Nothing
#' @title Calculate p-values from a set of observed test statistics and
#' simulated null test statistics
#'
#' @description Calculates p-values from a set of observed test statistics and
#' simulated null test statistics
#'
#' @param stat A vector of calculated test statistics.
#' @param stat0 A vector or matrix of simulated or data-resampled null test
#' statistics.
#' @param pool If FALSE, stat0 must be a matrix with the number of rows equal to
#' the length of \code{stat}. Default is TRUE.
#'
#' @details The argument \code{stat} must be such that the larger the value is
#' the more deviated (i.e., "more extreme") from the null hypothesis it is.
#' Examples include an F-statistic or the absolute value of a t-statistic. The
#' argument \code{stat0} should be calculated analogously on data that
#' represents observations from the null hypothesis distribution.
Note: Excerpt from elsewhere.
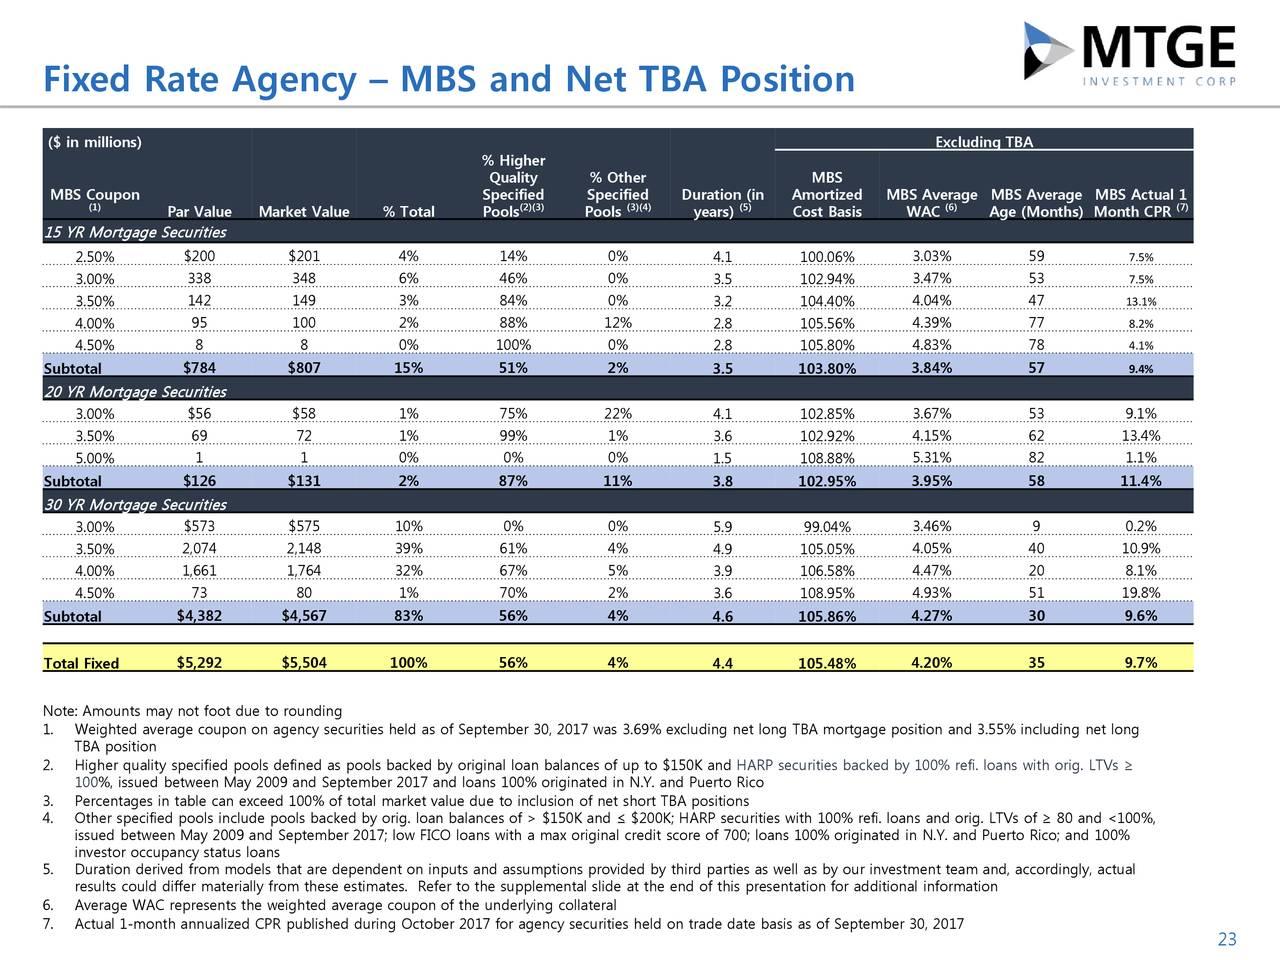 MTGE Investment Corp. 2017 Q3

The p-values
#' are calculated as the proportion of values from \code{stat0} that are
#' greater than or equal to that from \code{stat}. If \code{pool=TRUE} is
#' selected, then all of \code{stat0} is used in calculating the p-value for a
#' given entry of \code{stat}. If \code{pool=FALSE}, then it is assumed that
#' \code{stat0} is a matrix, where \code{stat0[i,]} is used to calculate the
#' p-value for \code{stat[i]}. The function \code{empPvals} calculates
#' "pooled" p-values faster than using a for-loop.
#'
#' See page 18 of the Supporting Information in Storey et al. (2005) PNAS
#' (\url{http://www.pnas.org/content/suppl/2005/08/26/0504609102.DC1/04609SuppAppendix.pdf})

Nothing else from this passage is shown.